In comparison, Nvidia, which recently completed a $25 billion bond issuance, saw its long-end bond spreads widen by only 11 to 12 basis points, while Alphabet's long-end bond spreads even narrowed.

In addition, SpaceX's credit default swaps (CDS) also widened significantly after trading began, further confirming the market's defensive stance on its credit status.

Cash Flow and Governance Risks Spark Direct Concerns

Equity and bond investors have fundamentally different evaluation logics for SpaceX.

Earlier this month, the company raised $86 billion through its IPO, with its valuation peaking at nearly $3 trillion before falling back to $2 trillion. This valuation was mainly based on expectations of a future surge in its AI revenue.

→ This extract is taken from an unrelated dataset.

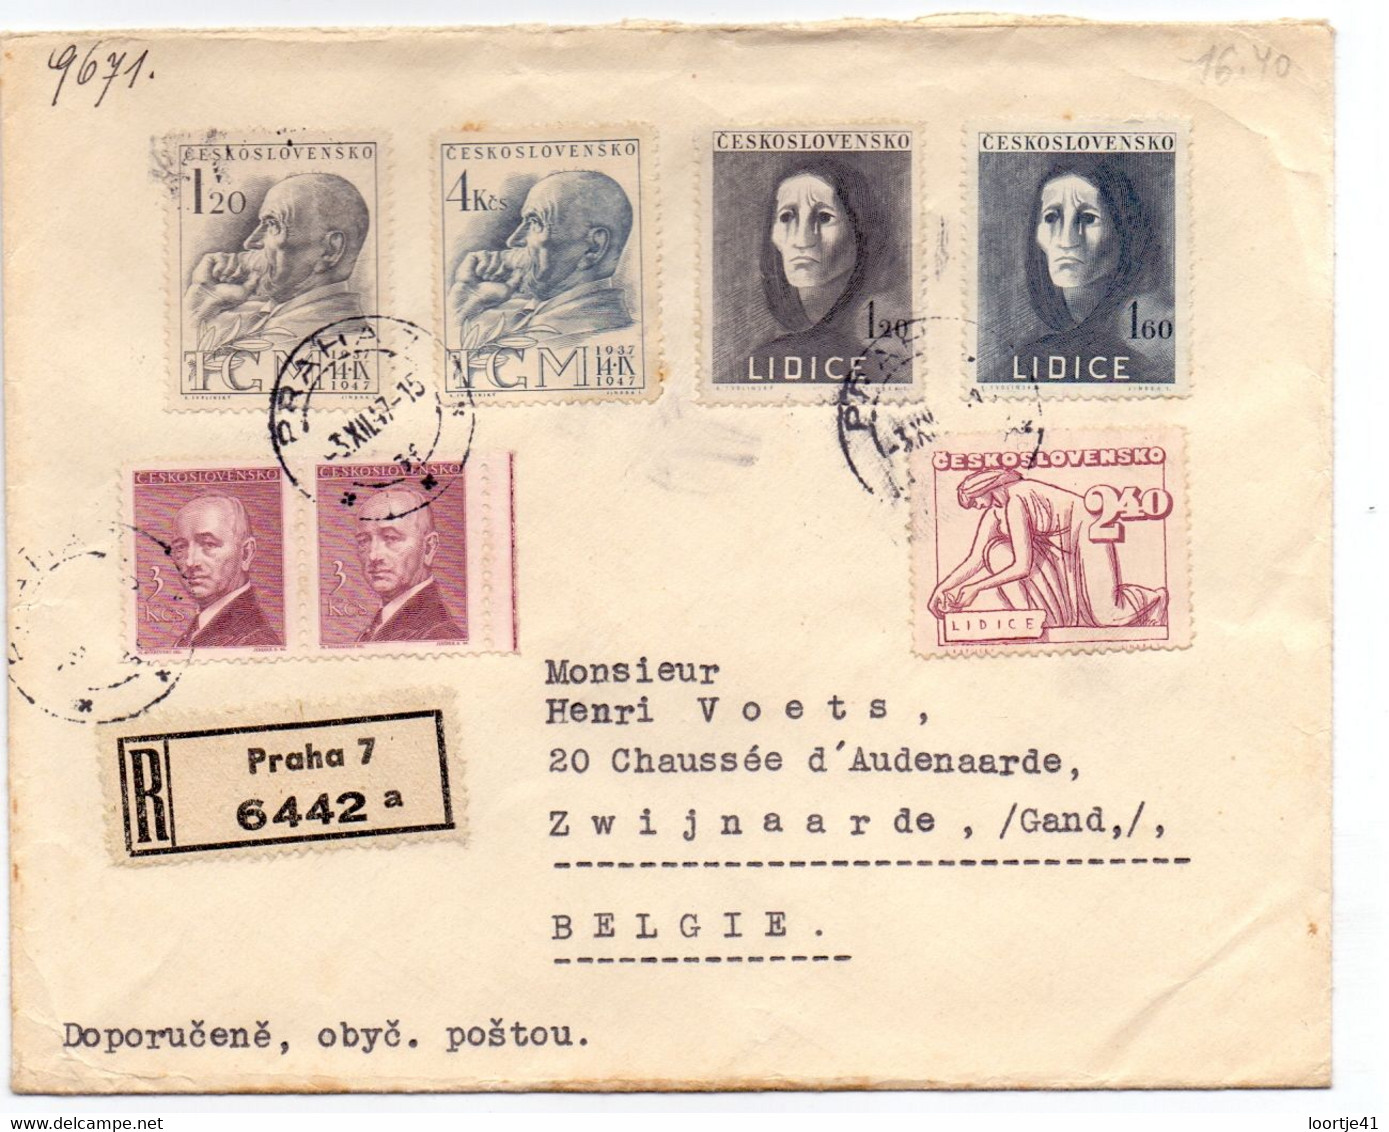 Omslag Enveloppe - Praha Ceskoslovensko Naar Gand Gent - Recommandé Stempel Cachet 1947 - Briefe

However, for creditors, the core fact is that SpaceX posted $18.7 billion in revenue in 2025 while incurring a net loss of $4.9 billion. PGIM portfolio manager Michael Campion said:

In the investment-grade bond market, we focus on whether a company can repay its debt. We are accustomed to lending based on actual cash flow rather than expectations.

Allianz Chief Investment Officer Ludovic Subran also said bluntly:

Bond investors are different from equity investors. Equity investors can go to Mars with you, but bond investors will only ask, 'Where is my coupon?'

Furthermore, the extreme reliance on Elon Musk's personal leadership has become a core concern for rating agencies and investors. Fitch Ratings considers this a "key rating constraint."

James Dow, a professor at London Business School, pointed out that SpaceX is currently extremely dependent on Musk and lacks a succession plan, with unusually weak corporate governance, which significantly reduces the attractiveness of its long-term debt.

Tech Giants' Bond Issuance Wave Approaching "Bubble" Boundary

SpaceX's cold reception is not an isolated event but reveals the systemic risks of debt inflation among current tech giants.

As technology companies compete to raise huge funds to finance AI projects, investors are facing a massive bond supply shock.

According to Morgan Stanley data, AI-related debt issuance so far this year has reached $236 billion, up 357% year-over-year, and is expected to double to $570 billion by year-end.

The borrowing frenzy is rapidly pushing up the industry's leverage ratio. Data shows that the total leverage ratio of mega-cap tech companies has doubled in just over two quarters, soaring from 0.9x to 1.8x, exceeding the total leverage ratio of the entire energy industry.


This massive supply is overwhelming market structure. Bloomberg calculations show that as of Wednesday, U.S. investment-grade bond supply in June has reached $180 billion, a record high.

The supply glut has begun to drag on broader credit spreads. Morgan Stanley noted that spreads for mega-issuers are widening overall, with bond performance from Oracle and Meta confirming this trend.

Mark Dowding, Chief Investment Officer of Fixed Income at RBC BlueBay Asset Management, wrote in a report: Bondholders have clearly concluded that, as this loss-making company finances its path to future profitability, there may be substantial additional debt issuance in the future.

Analysts believe that if this pace of debt expansion continues, credit spreads will eventually blow out further, materially constraining the capital expenditure cycles of tech companies.